第1章 プロローグ 導かれし三人
―――――時を同じくして。
「もう…3年になるんだね…」
「そうだね」
はらはらと桜が舞う。
暖かくなってきた道を歩きながら、そう呟く男女の姿…。
不二周助、小鳥遊彩音はとある場所へと足を進めていた。
2人が向かっているのは墓。
2人の幼馴染みのものである。
3年前、とある事件で、幼馴染みは命を落とした。
3人で同じ学園へと入学してすぐの事だった。
あまりの出来事に2人は入学して早々心に深い傷を負ったが、学園内の生徒たちはとても優しく、2人は悲しみを乗り越える事が出来た。

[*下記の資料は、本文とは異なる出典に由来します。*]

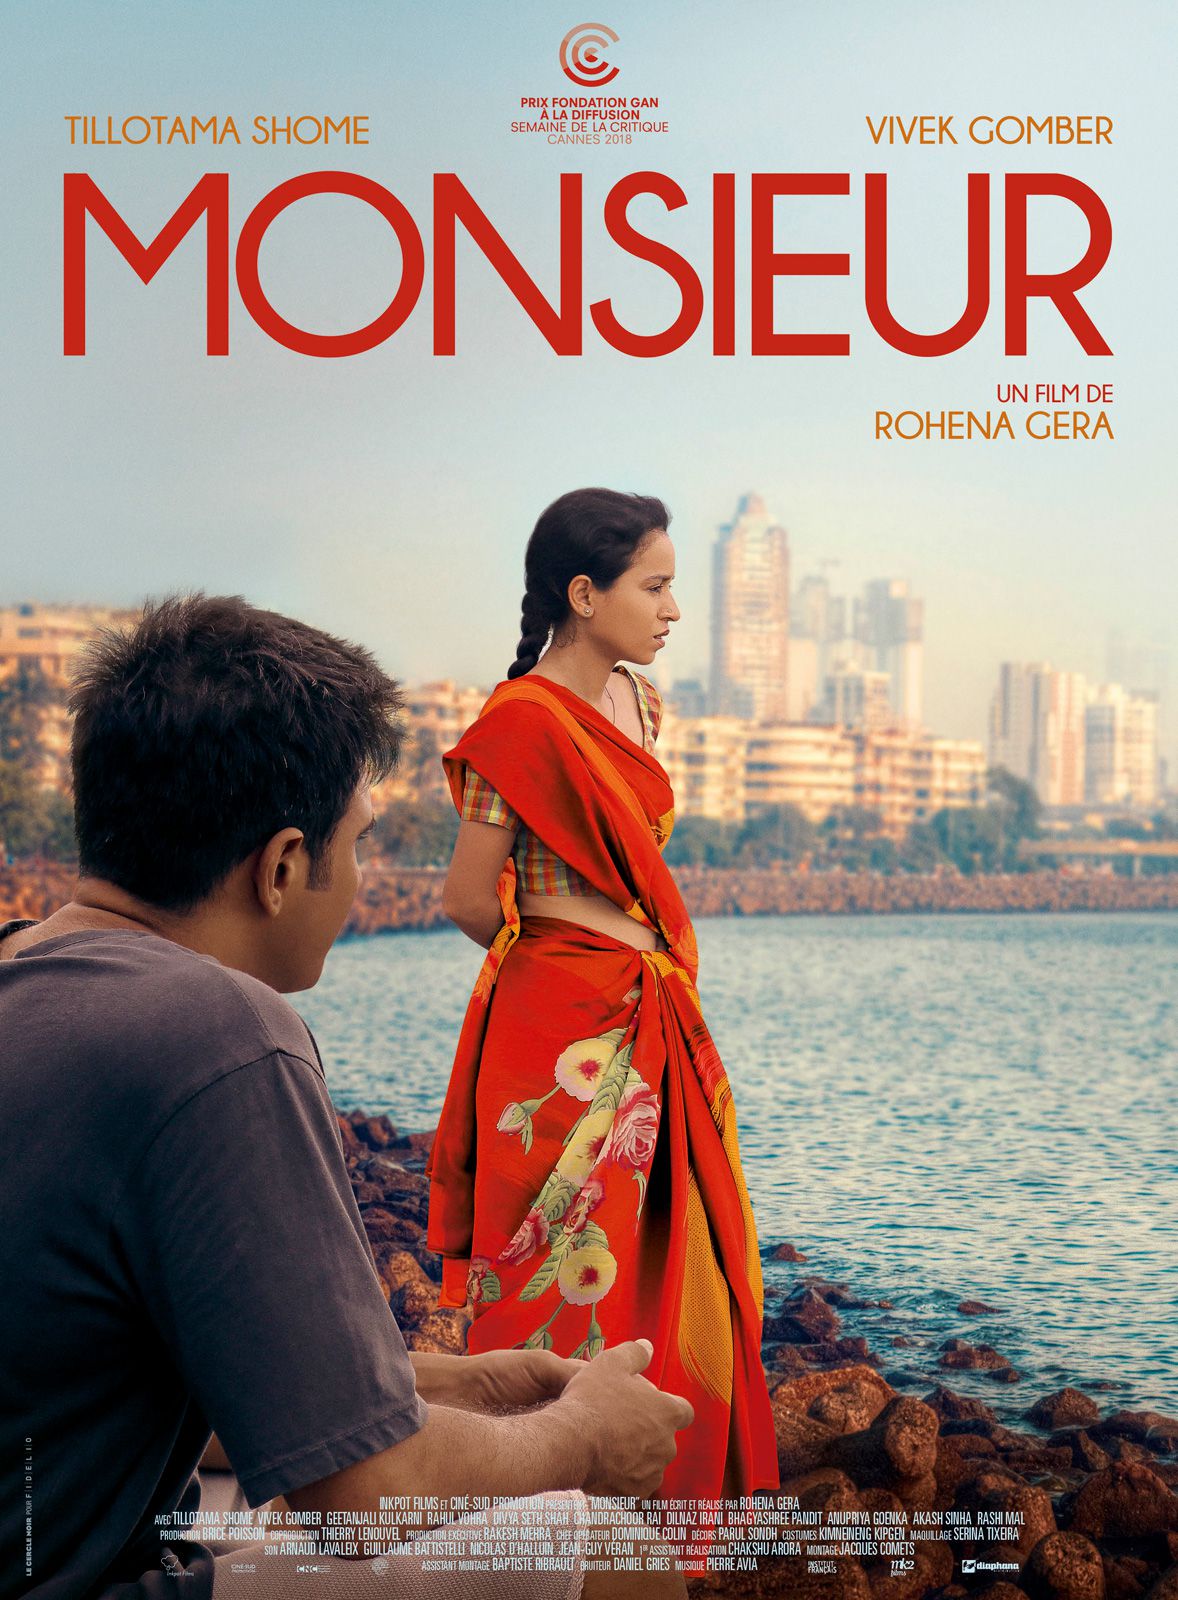 Monsieur - Film (2018) streaming VF gratuit complet

そうしてつい先日、無事に卒業する事ができ、今に至る。
街から少し離れた小さな丘の上。
よくそこで、3人でお弁当を広げたりしていた、懐かしい思い出の場所。
「来たよ、[ ]。私も周助も、無事学園を卒業できたよ」
彩音が声をかけた。
サアァァ…と心地よい風が通り抜ける。
不二はその様子を後ろから静かに見ていた。
「ほら、3人で言ってたじゃない?周助がテニス部に入って、私と[ ]がマネージャーになって…。それから周助を応援するんだって」
幼い頃からの、3人の約束。
「周助ね、凄くテニスが上手くなったんだよ!元々上手かったけどさ…。わ、私もマネージャーで周助を応援して…。………っ…[ ]にも、見せたかったなぁ…」
話しながらしゃくり上げる彩音を、不二が後ろからそっと抱きしめた。
彩音はバッと振り返り、不二の胸の中で泣いた。
「なん、で?なんで、周助…どうして[ ]が、傍にいないの…っ!?どうして[ ]だったの!?」
「彩音……」
3年の学園生活を経て、落ち着いてきたかと思っていたが、いざ墓を前にすると彩音も不二も複雑な気持ちになる。
―――――3年前の事件。
その日は3人でショッピングモールに出かけている時だった。
少し彩音と周助と離れていた幼馴染みは、気が狂った殺人鬼に捕われた。
そして一瞬だった。
幼馴染みはそのまま殺人鬼に殺されてしまったのだ。
殺人鬼は幼馴染みを殺した後は特に暴れる事も無く取り押さえられ、事情聴取では終始訳の分からない事を呟いているばかりだった。
なんで、どうして…そればかりが頭の中でぐるぐるしていて。